[PATCH v2] arm64: mm: Fix memmap to be initialized for the entire section
From: Robert Richter
Date: Wed Nov 30 2016 - 13:22:15 EST
On ThunderX systems with certain memory configurations we see the
following BUG_ON():
kernel BUG at mm/page_alloc.c:1848!
This happens for some configs with 64k page size enabled. The BUG_ON()
checks if start and end page of a memmap range belongs to the same
zone.
The BUG_ON() check fails if a memory zone contains NOMAP regions. In
this case the node information of those pages is not initialized. This
causes an inconsistency of the page links with wrong zone and node
information for that pages.
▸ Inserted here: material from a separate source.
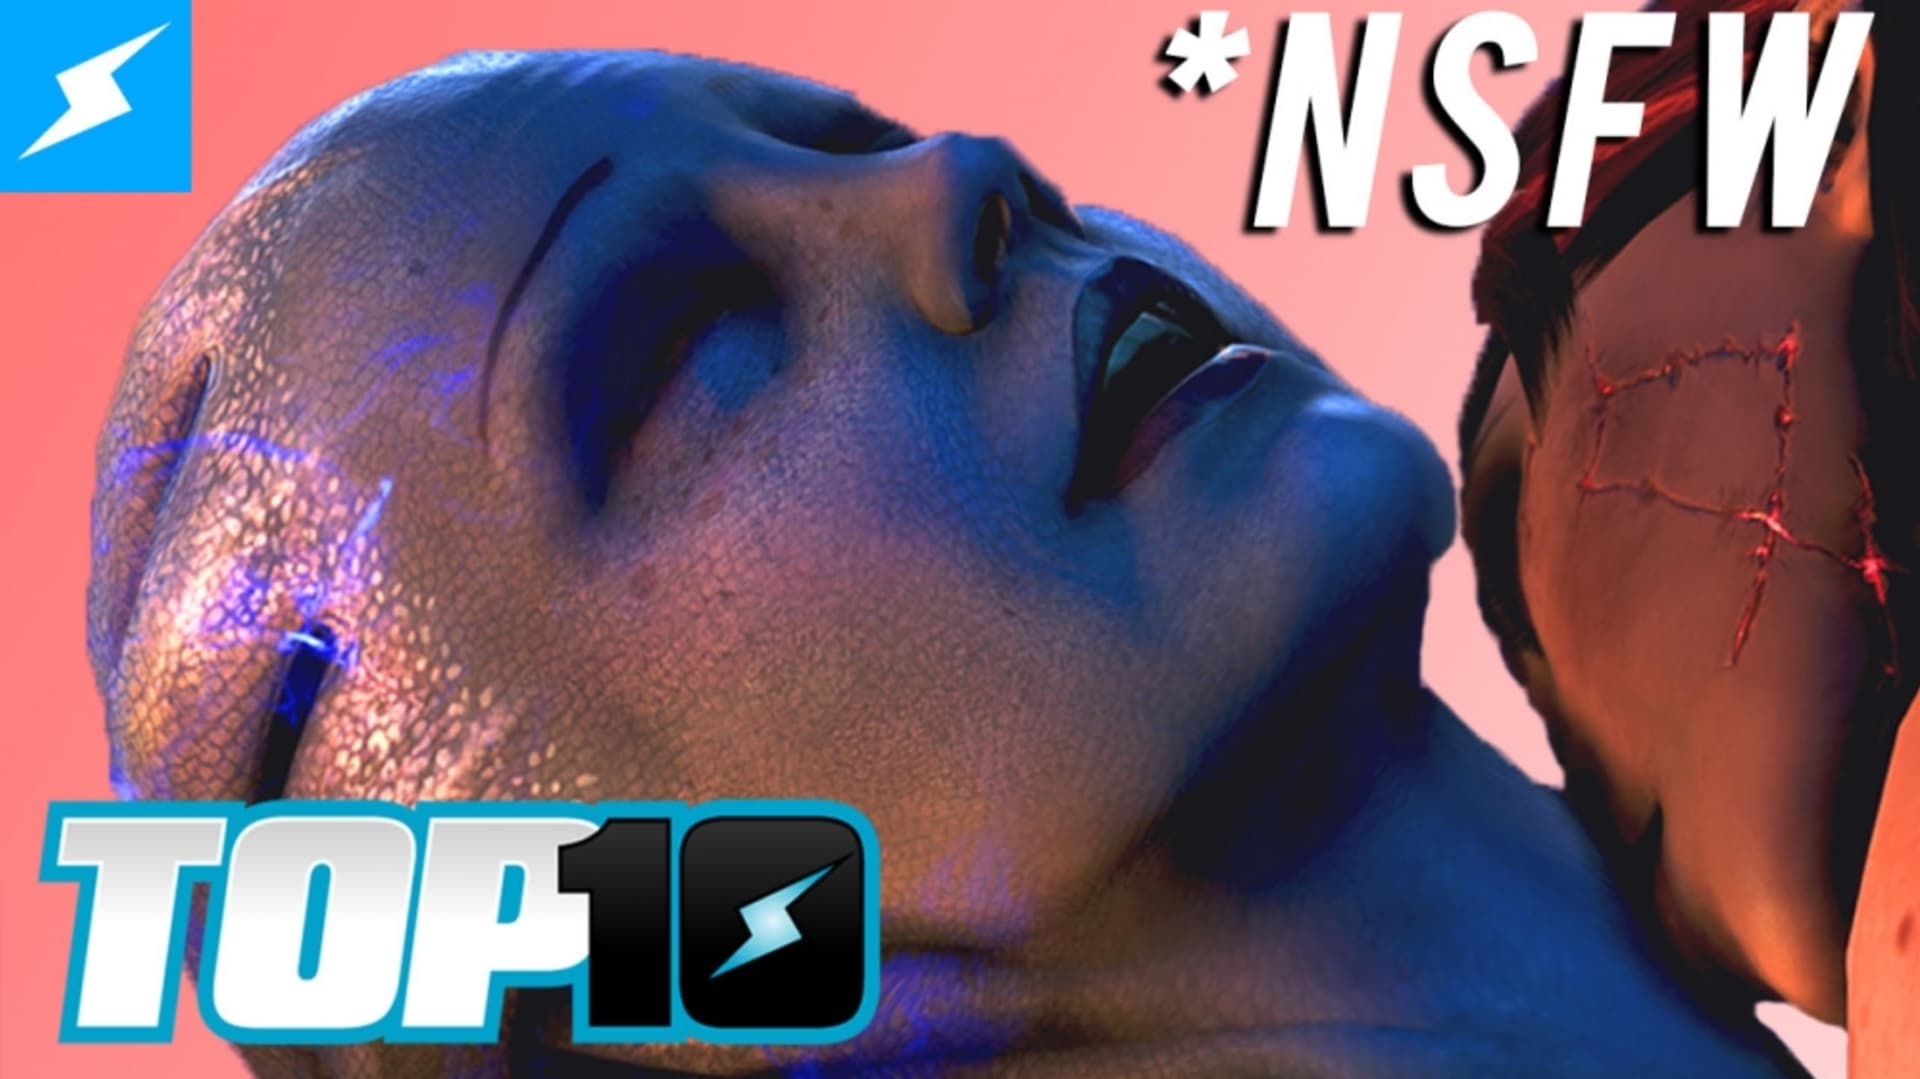 Top 10sex Videos - NSFW* Top 10 Sex Scenes in Video Games - Rooster Teeth

NOMAP pages from node 1 still point to the
mem zone from node 0 and have the wrong nid assigned.
The reason for the mis-configuration is a change in pfn_valid() which
reports pages marked NOMAP as invalid:
68709f45385a arm64: only consider memblocks with NOMAP cleared for linear mapping
This causes pages marked as nomap being no long reassigned to the new
zone in memmap_init_zone() by calling __init_single_pfn().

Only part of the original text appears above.